4. В январе 1889 г. Буланже набрал 246 тыс. голосов и был избран парижским депутатом. Друзья кричали ему: «В Елисейский дворец!» Толпа готова была отнести его туда на руках, как это делали суданские фанатики, следующие за своим спасителем Махди. Полиция и армия пребывали в нерешительности. Коллективная истерия достигла такого предела, что все называли Буланже властелином Франции. Все, за исключением самого Буланже. Сам он не верил в эту безрассудную затею. Выжидая, он давал республиканцам время опомниться. Даже Клемансо, так долго способствовавший его продвижению, начинал испытывать к нему отвращение. Когда Буланже появился в палате депутатов, Шарль Флоке, председатель совета, сделал в его адрес знаменитое насмешливое замечание: «К вашему возрасту, сударь, Наполеон уже умер!» Этот странный упрек смутил Буланже.
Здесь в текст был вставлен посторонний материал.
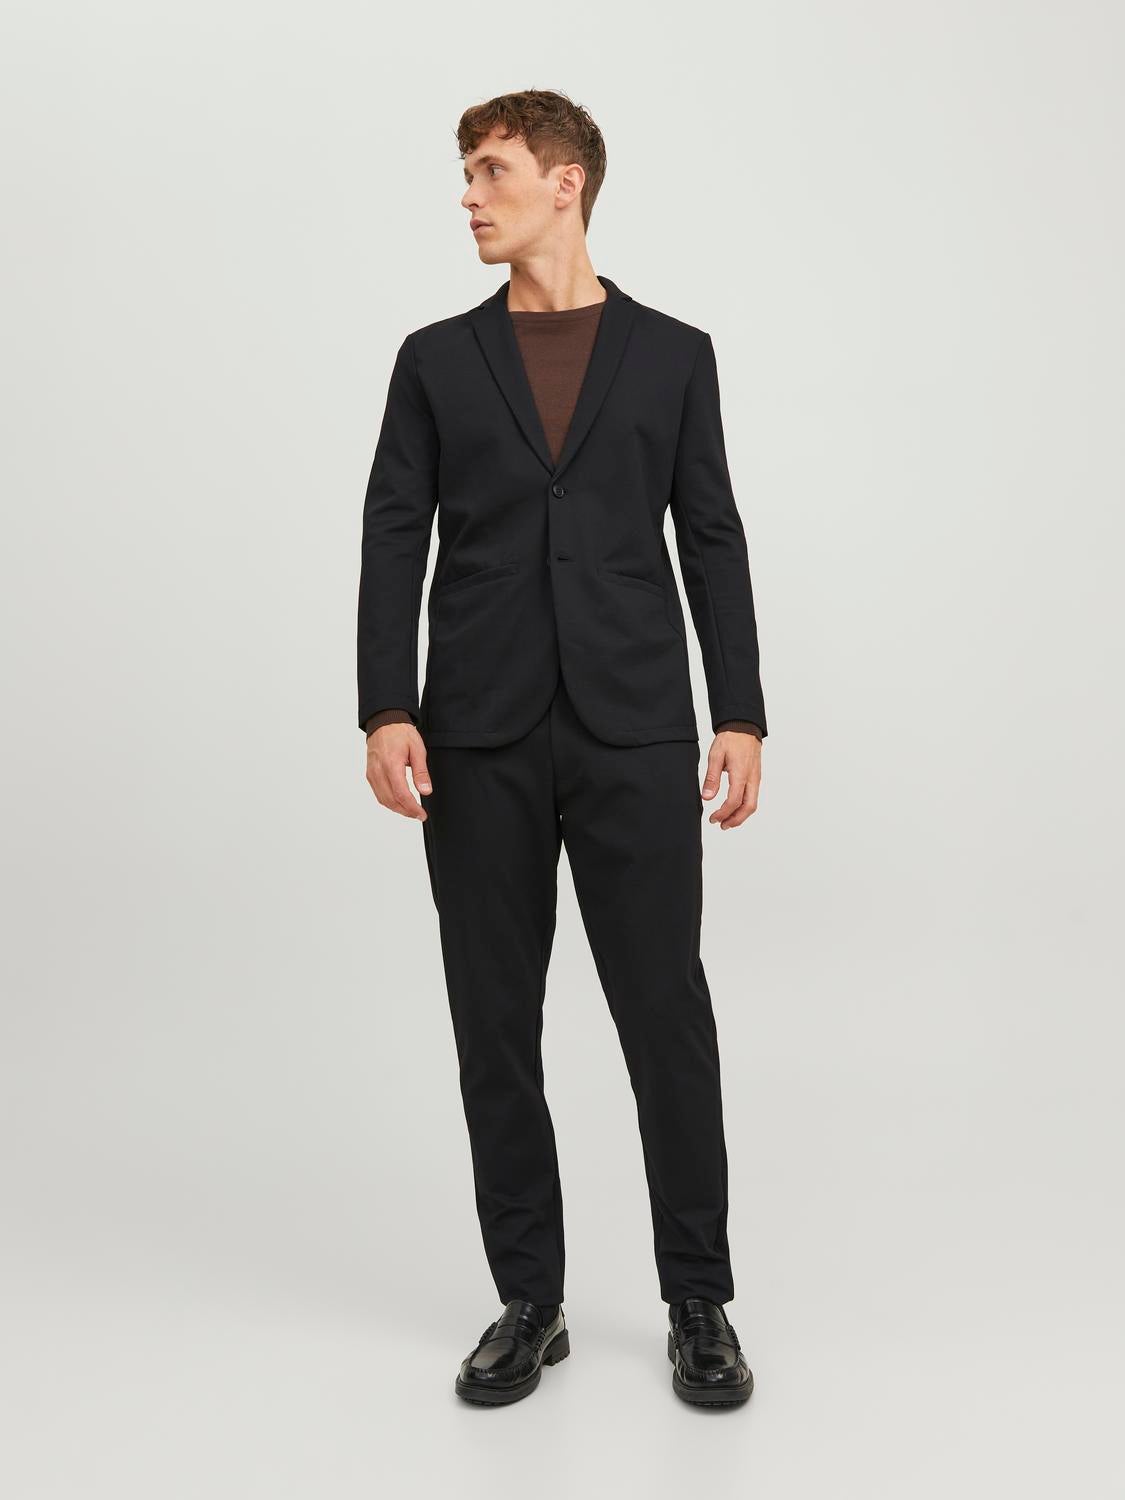 Men's Suits | 3 Piece in Black, Navy Blue & More | JACK & JONES

После очередного выпада Флоке, на этот раз упрекавшего его за то, что он перешел «из ризницы в правительственную прихожую», Буланже вызвал председателя совета на дуэль. Кабинет постановил роспуск Лиги патриотов и определил процедуру Верховного суда, рассмотрению которого подлежали преступления против государственной безопасности. Эти решения насторожили Буланже. Он предположил, что его собираются арестовать, и пришел в ужас, что его разлучат с возлюбленной Маргаритой Боннемен, которую он любил больше всего на свете, даже больше, чем власть. 1 мая 1889 г. генерал сел в поезд на Брюссель. Он бежал, словно клерк-растратчик. Пузырь лопнул. С буланжизмом было покончено. Сторонники тщетно преследовали его в Лондоне, на острове Джерси, в Брюсселе и умоляли вернуться. Он был целиком поглощен заботами о сентиментальной, больной туберкулезом Маргарите Боннемен. Когда она умерла в 1891 г., генерал застрелился на ее могиле. Клемансо подвел итог: «Он умер, как и жил, младшим лейтенантом», а журналистка Северин считала, что «он начал, как Цезарь, продолжил, как Катилина, и окончил, как Ромео». Правительство, наученное горьким опытом буланжизма, в 1889 г. отменило возможность баллотироваться в качестве кандидата на различные посты, что допускало плебисцит, и заменило выборы по округам голосованием по спискам. Режим был спасен. Оставалось только радоваться, ибо бог знает, куда привела бы Францию безумная авантюра буланжистской партии.
«Всеобщее избирательное право». Карикатура на генерала Буланже. 1888
Вид на Эйфелеву башню и павильоны Всемирной выставки со стороны Трокадеро. Фотография. 1889
5. Уже становилось традицией проводить в Париже Всемирную выставку каждые одиннадцать лет. Выставка 1889 г. была примечательна во многих отношениях. Она совпала со столетием Французской революции; подтвердила моральные принципы этой революции, воспринятые всем миром; позволила тысячам иностранных посетителей, вопреки недавним потрясениям, констатировать надежность республики; дала возможность продемонстрировать выдающиеся таланты Франции. Удивительная Эйфелева башня явилась шедевром великого инженера, работы которого изменили технологию строительства мостов и виадуков и к тому же легли в основу аэродинамики, что сделало возможным создание самолетов. Успех выставки, заслуженное чувство гордости, а также страх перед социализмом, утверждавшимся в левых партиях радикалов, привели наконец наиболее разумные элементы правой партии к сотрудничеству с режимом. После 16 мая они держались отстраненно, что наносило Франции большой ущерб. Они поочередно надеялись, что Мак-Магон, а затем Буланже возведут на престол короля. Лучшие из них начинали постепенно избавляться от своей мечтательности. Но на пути к присоединению оставалось одно серьезное препятствие – Церковь. Союз трона и алтаря был не просто фразой. Союзник французского королевского дома на протяжении веков, Ватикан при Пие IX продолжал его поддерживать. Но папа Лев XIII, понтифик высоких душевных качеств, считал, что роль Церкви никогда не заключалась в борьбе с законным правительством страны; что Церковь может выступать против враждебного законодательства, но не против конституции. Церковь вечна; она переживет династии и режимы. Когда-то она пожертвовала Меровингами ради Пипина; она вполне могла пожертвовать графом Парижским ради Сади Карно. Папа поручил кардиналу Лавижери, архиепископу Алжира, заронить мысль об объединении. Долгое время успех вызывал сомнение. В среде пришедших в бешенство монархистов и бонапартистов стало извращенной модой ненавидеть «нищенку». Энциклика понтифика предписывала Церкви Франции и ее приверженцам разумные директивы папского престола. Епископ мог поддержать республиканского кандидата, если тот гарантировал свободу вероисповедания. Такая позиция позволила создать Республиканскую католическую партию, которая объединила вокруг центра большинство парламента.